Baltimore Orioles: No Chris Davis? No Season Tickets


This is a very important offseason for Peter Angelos and the Baltimore Orioles that could redefine the future of this franchise for years to come. And how my future Sunday’s will be spent during baseball season.

There is a generation of Baltimoreans who are just now seeing the club as winners. However, many O’s fans suffered through almost two decades of losing seasons and an owner that seemed more concerned about making money than winning games.

Under the guidance of Buck Showalter and Dan Duquette, the Orioles have gone from a ball club struggling for wins to two playoff berths and an American League Championship Series appearance. Now the future of the franchise might come down to one critical offseason.

The Orioles constructed the core of this team brilliantly. Adam Jones is the perfect example of a player you want leading your franchise. They got Chris Davis and Darren O’Day in Baltimore for almost nothing after failed stints in Texas. They have terrific young pieces to build around in Manny Machado, Jonathan Schoop and Zach Britton. They took a chance on Nelson Cruz and it worked out beautifully that season.

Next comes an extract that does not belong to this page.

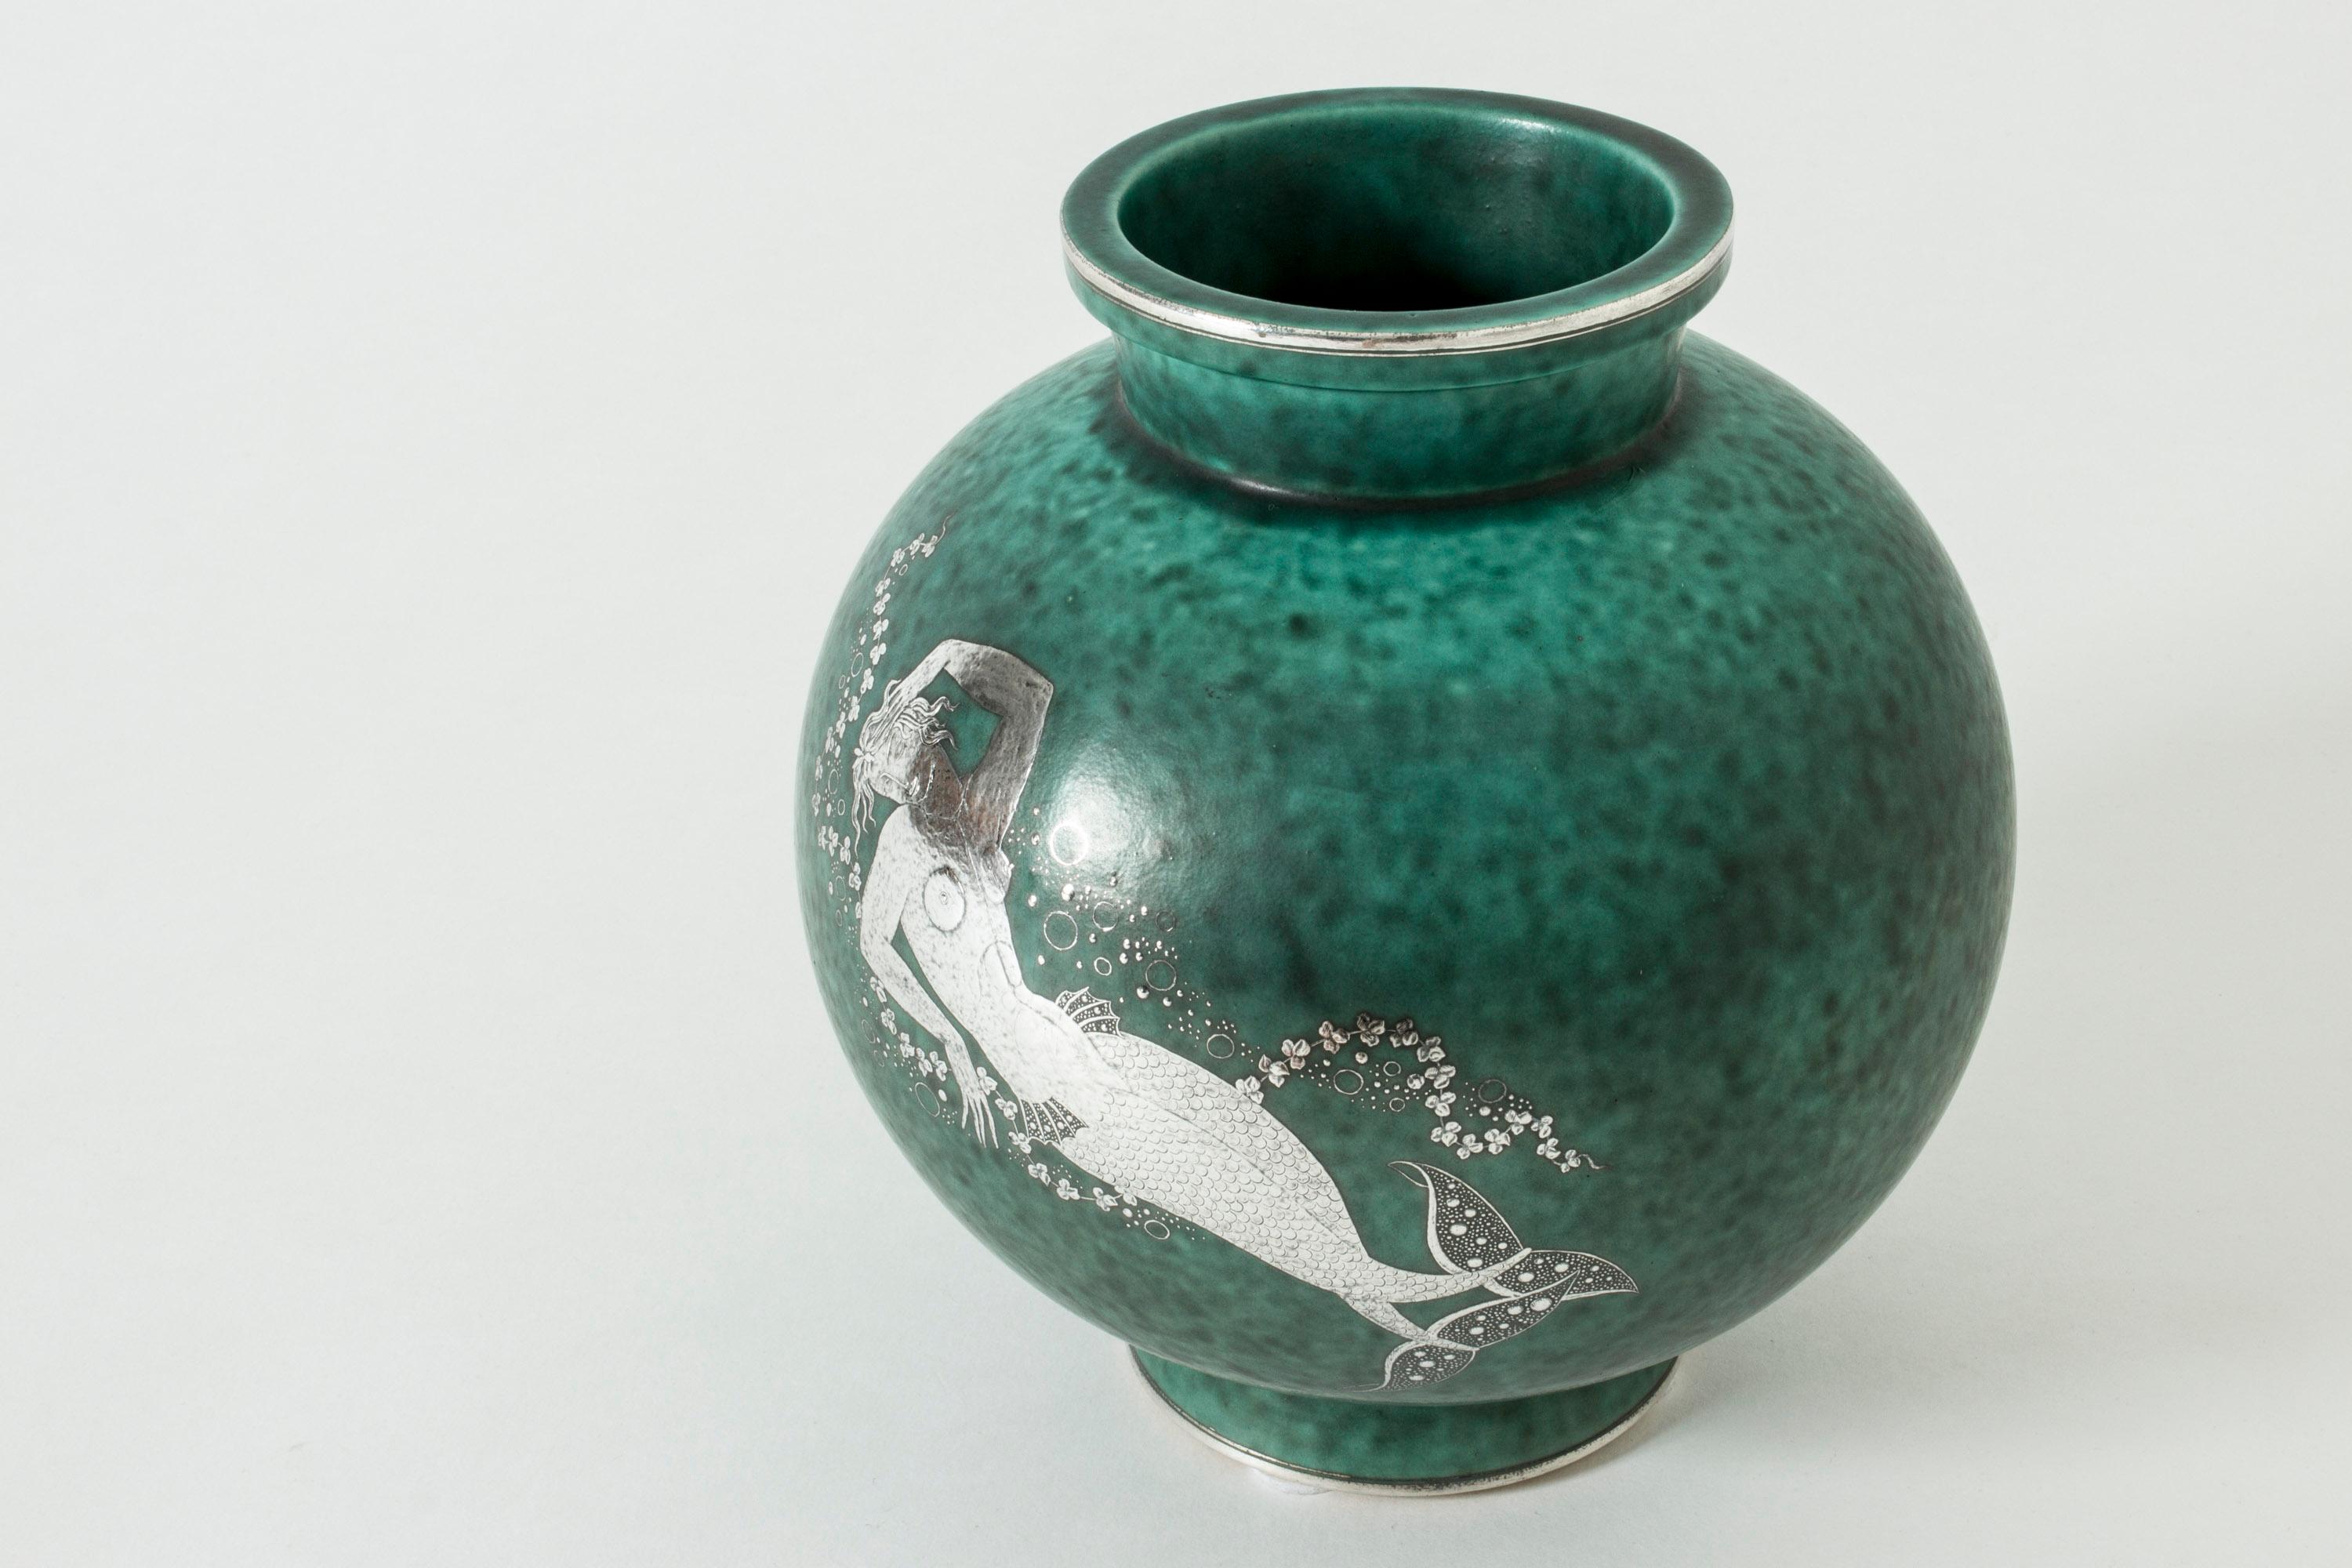 Stoneware “Argenta” vase by Wilhelm Kåge with silver decor of a mermaid. Lovely attention to every detail, exquisitely made tail fin and swooning expression in her face.

“Argenta” was introduced at the Stockholm exhibition in 1930 and became

The Orioles were able to build this team in large part because the salaries worked out perfectly. Most of the key pieces were playing at discounted prices, but they are now set for their pay day after turning the O’s from perennial basement dwellers to a relevant franchise once again.

I have watched the turnaround from the friendly confines of Section 82 at The Yard since the 2011 season in which they finished with just 69 wins. Many people wondered why we were sweating out those August days to watch a team that did not have a winning season dating back to 1997. We believed in Buck, and our loyalty was rewarded.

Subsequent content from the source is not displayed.